Listed records
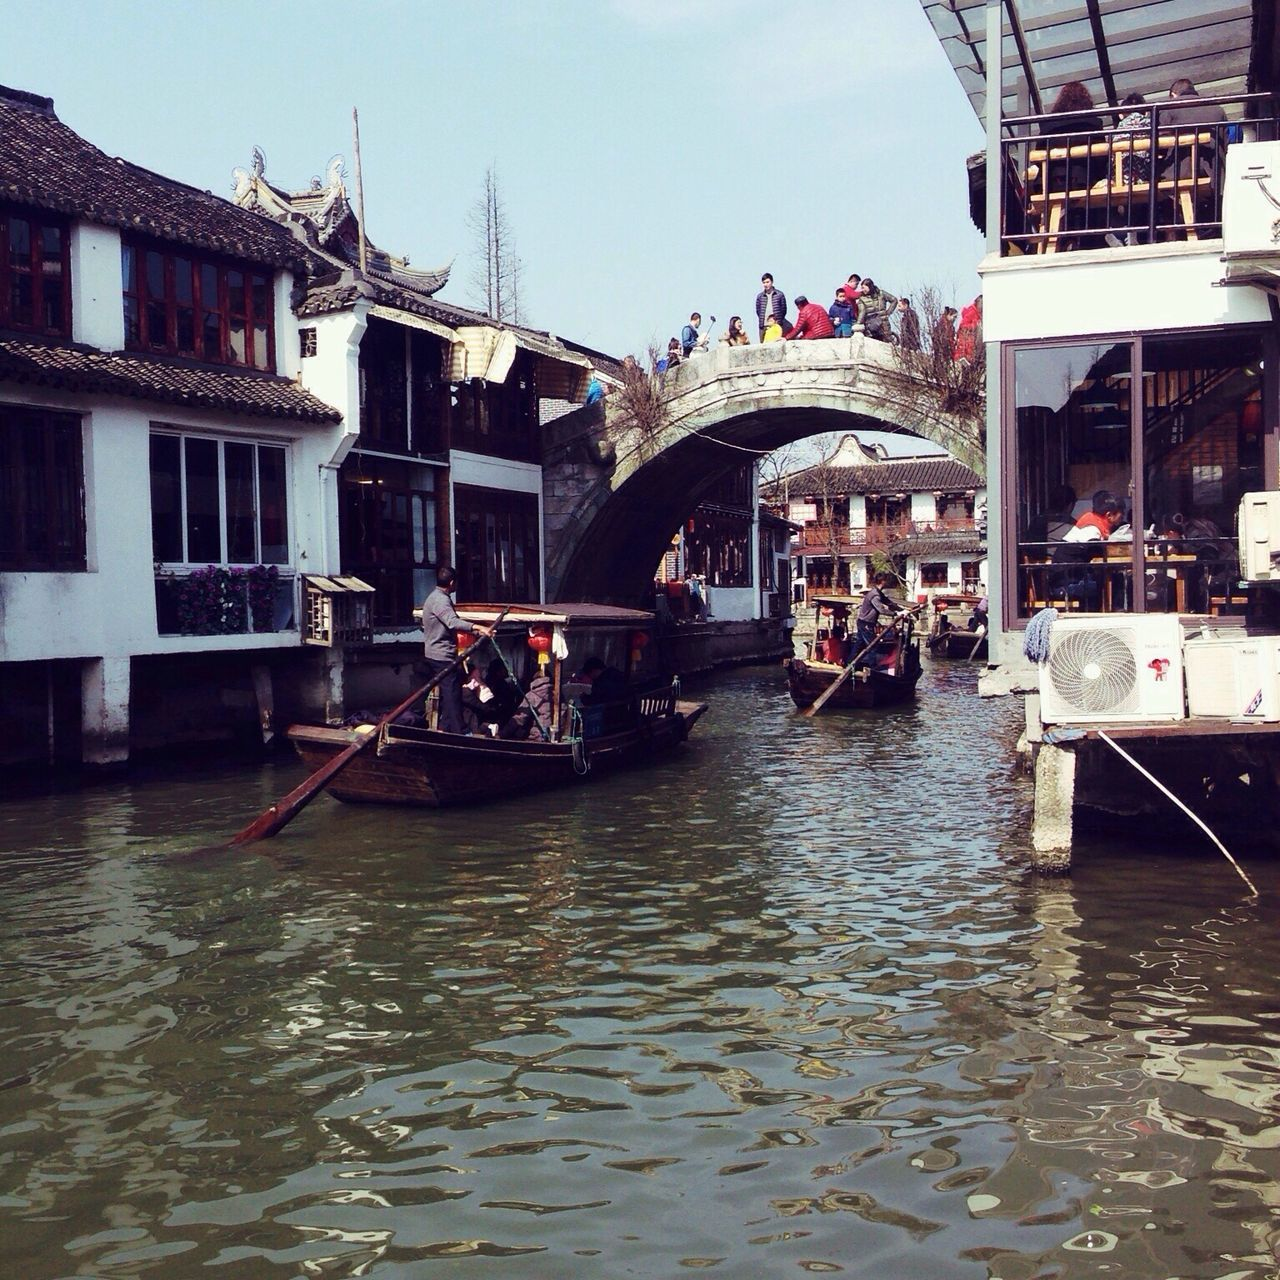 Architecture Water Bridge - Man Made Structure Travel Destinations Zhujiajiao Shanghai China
---
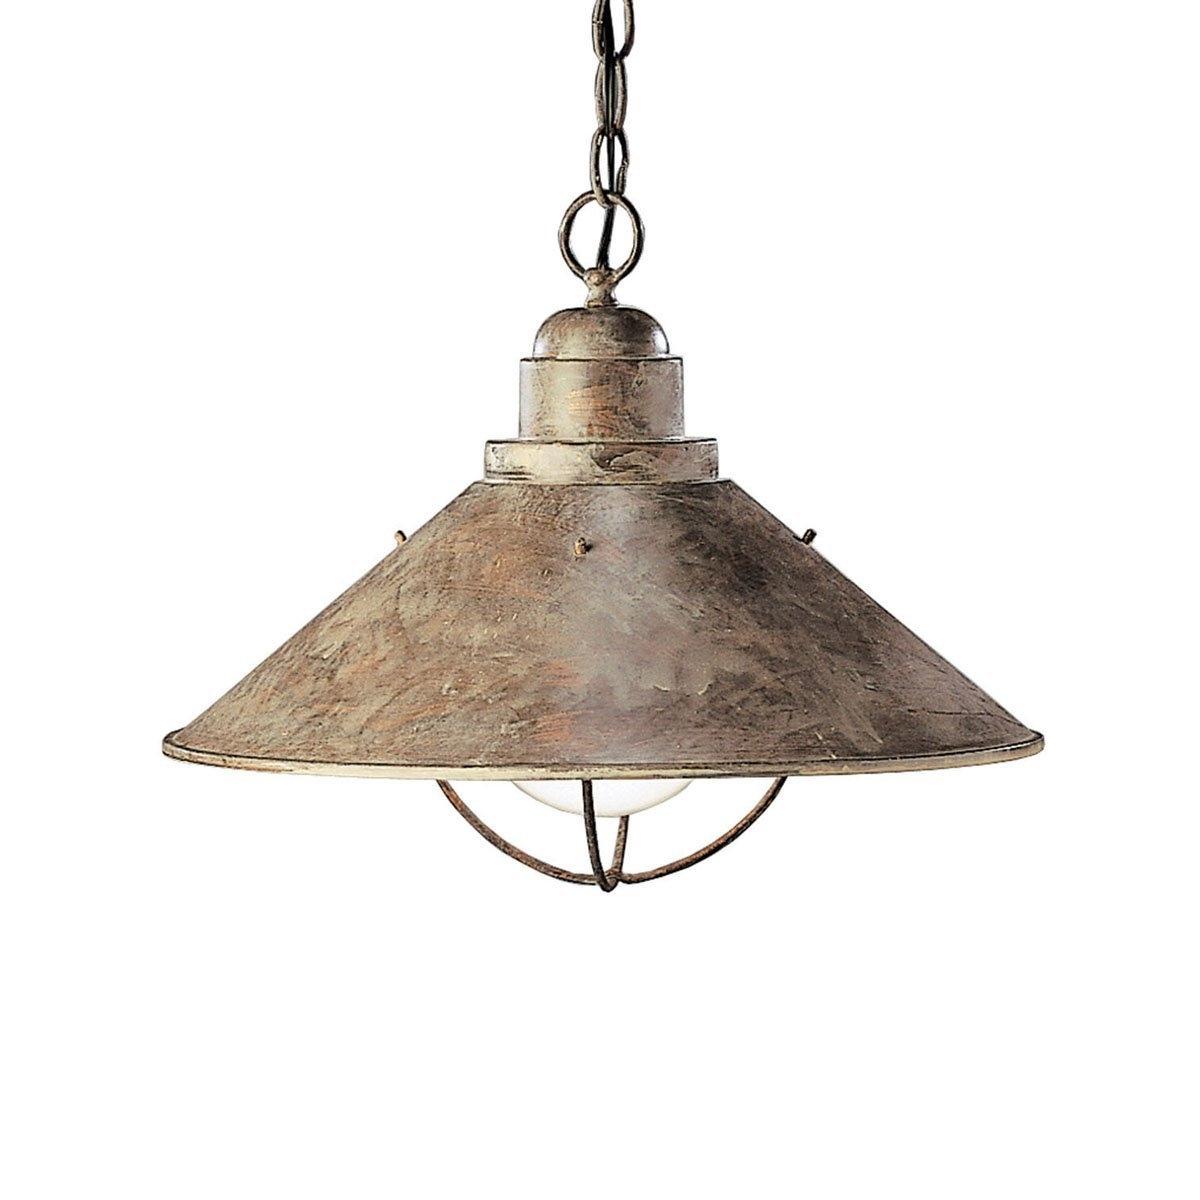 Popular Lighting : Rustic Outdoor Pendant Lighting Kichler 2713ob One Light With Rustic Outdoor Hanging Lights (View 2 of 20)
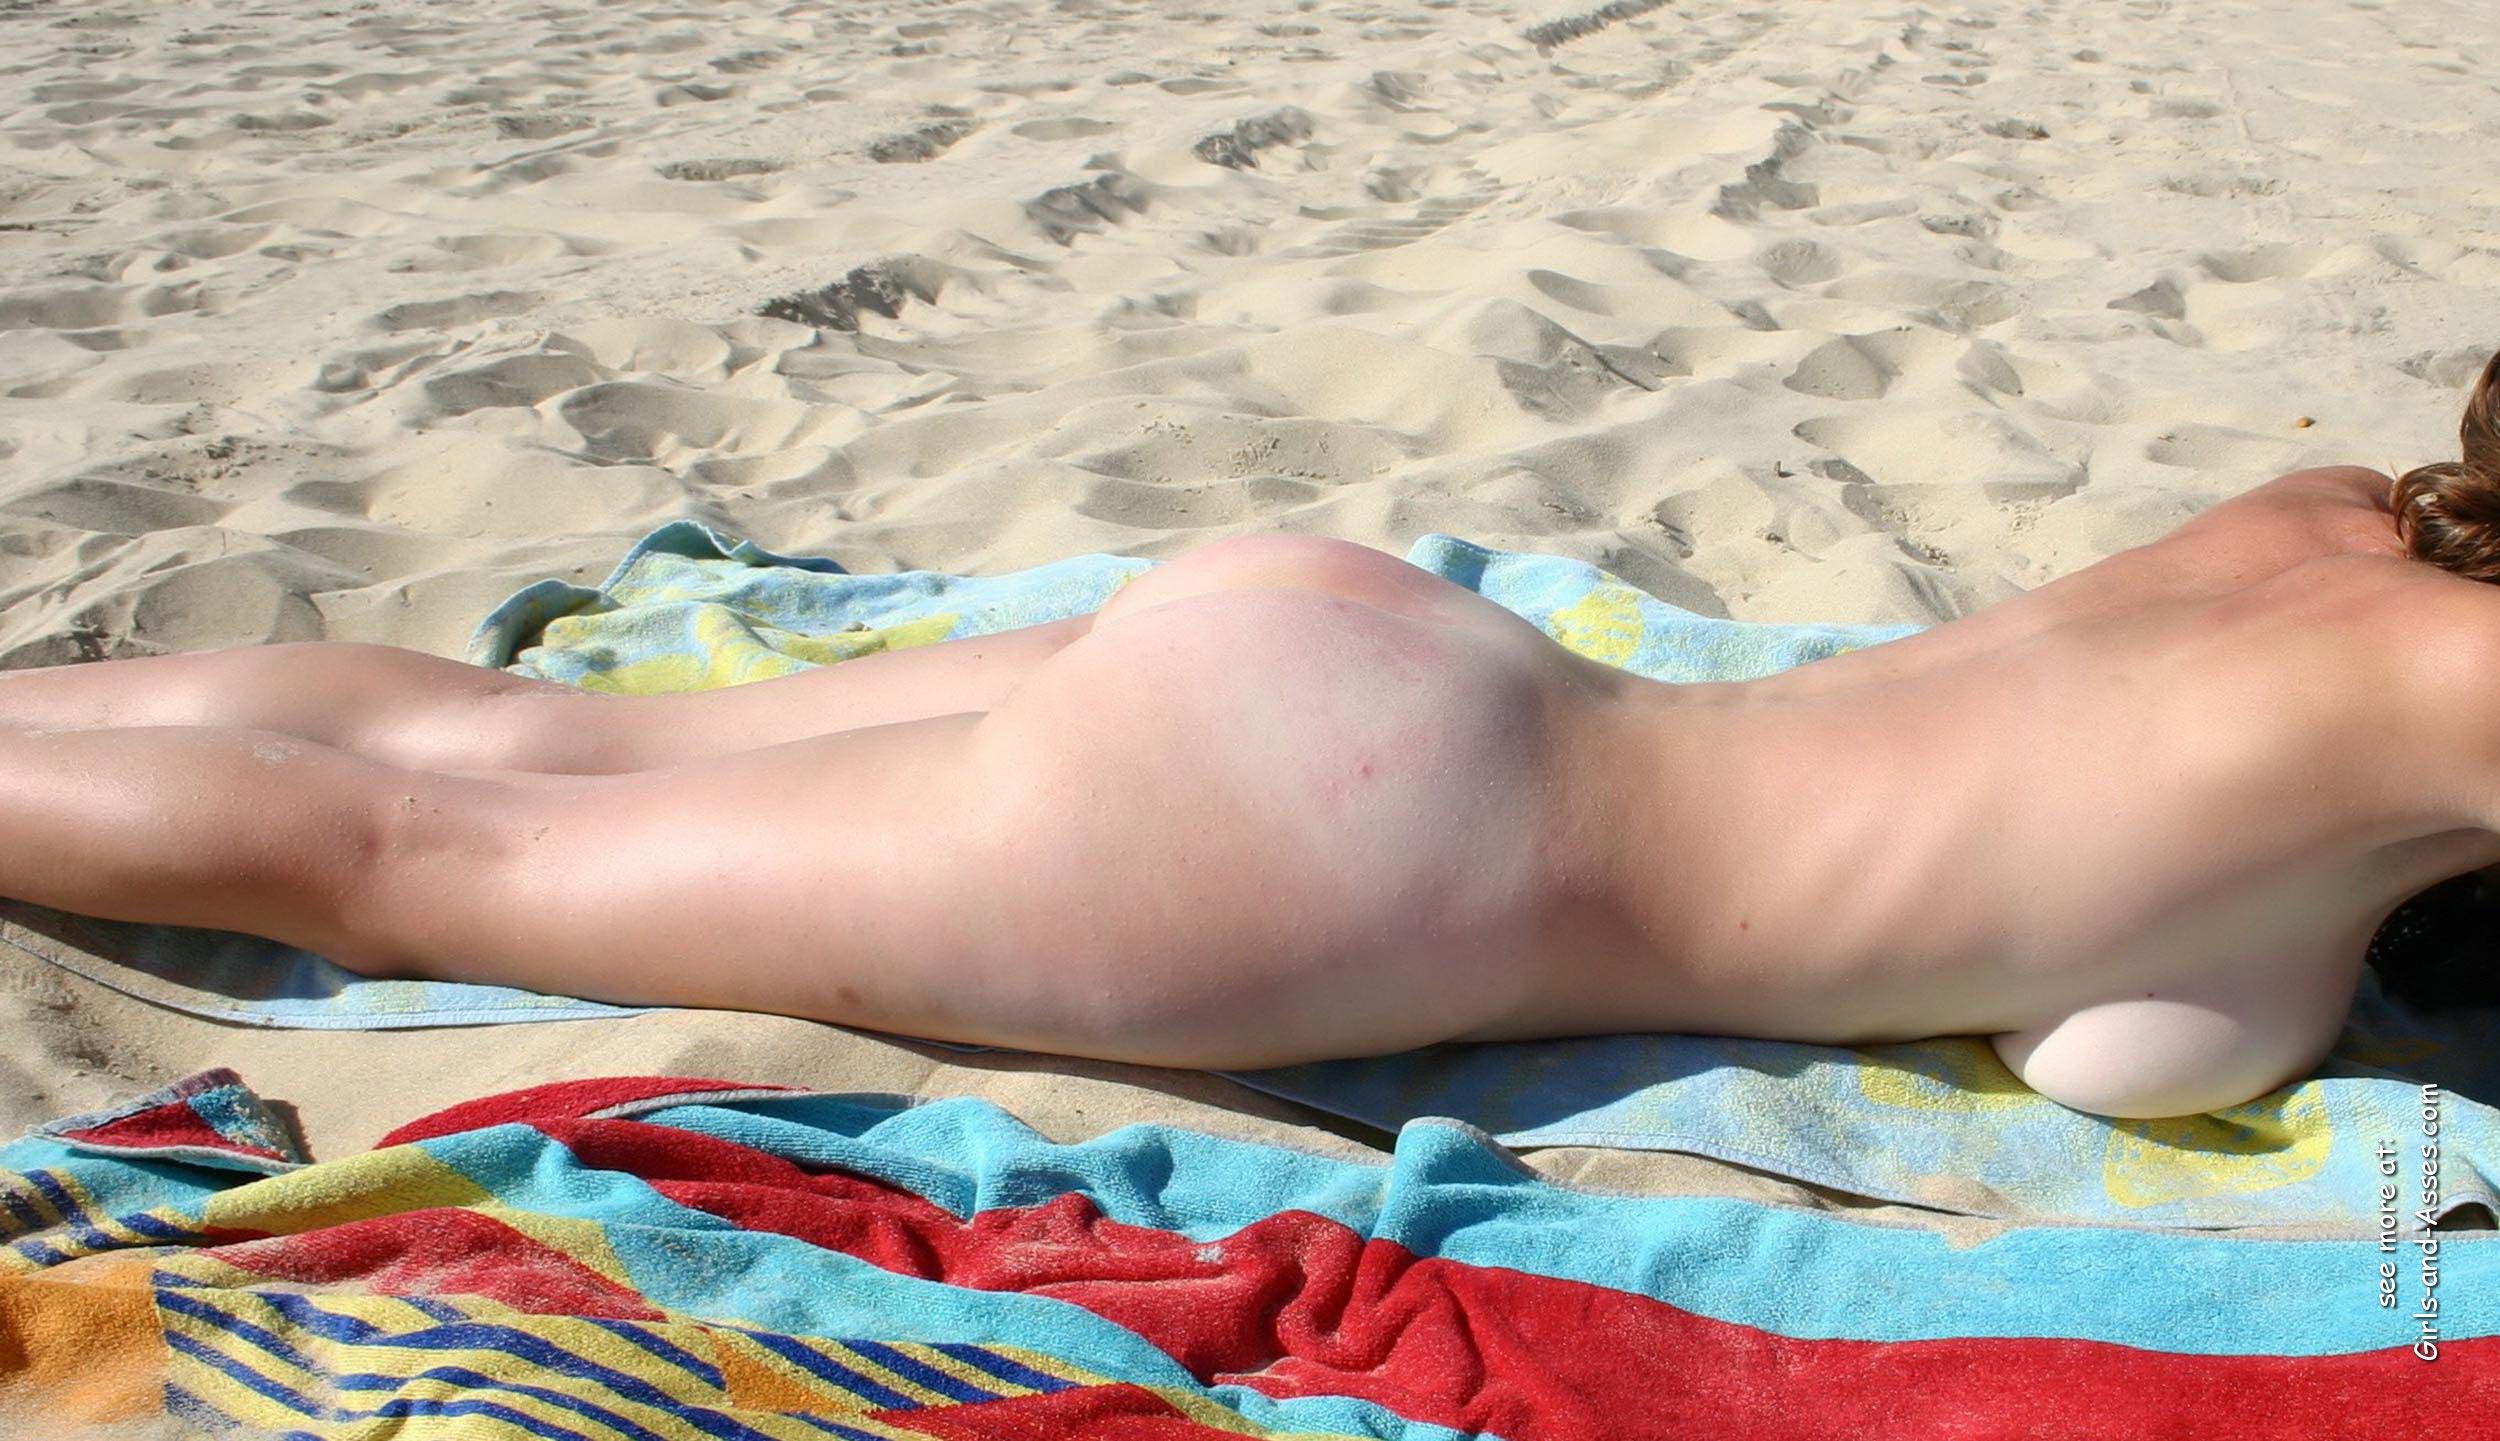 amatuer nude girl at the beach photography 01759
...
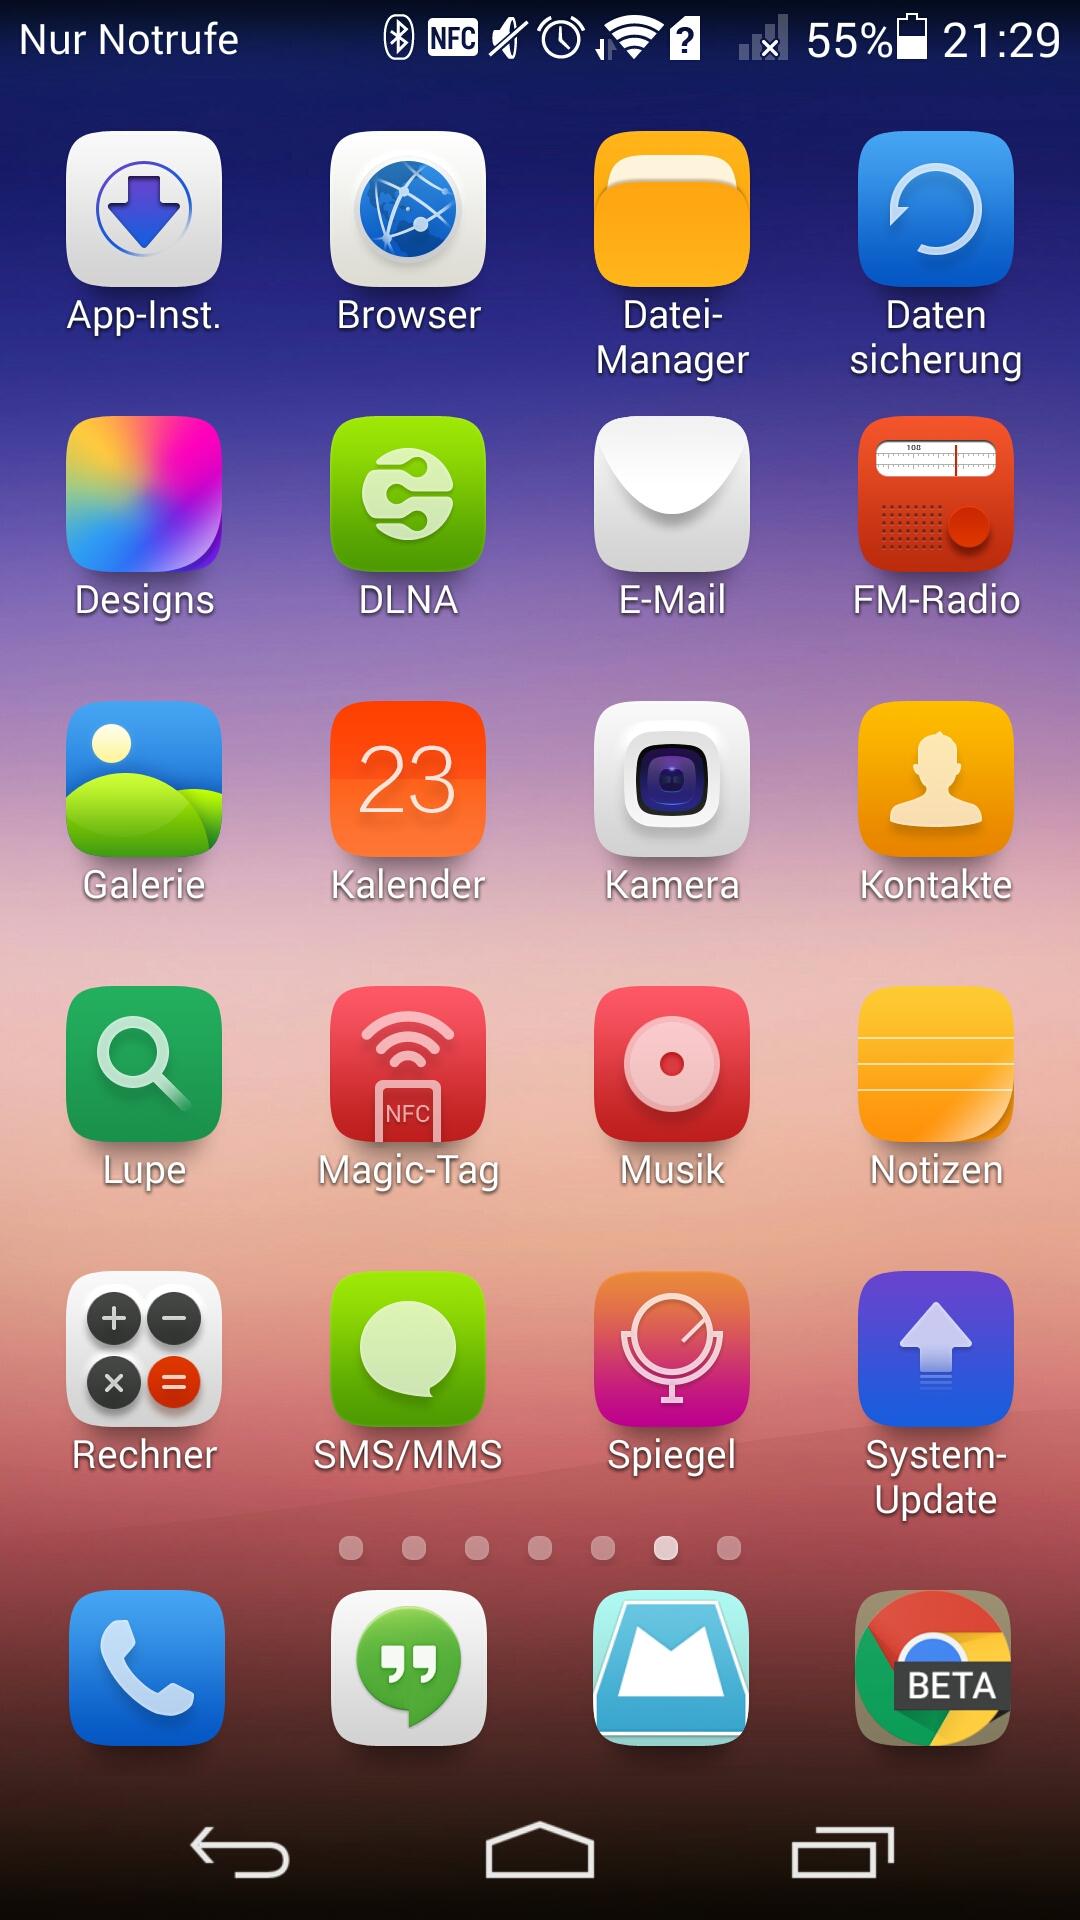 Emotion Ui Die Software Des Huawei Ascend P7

Exercise details
Although pictures appear among the records above, none are to be output; print exactly the lines from the line containing "Popular Lighting : Rustic" through the line containing "amatuer nude girl".

Completed task
 Popular Lighting : Rustic Outdoor Pendant Lighting Kichler 2713ob One Light With Rustic Outdoor Hanging Lights (View 2 of 20)
 amatuer nude girl at the beach photography 01759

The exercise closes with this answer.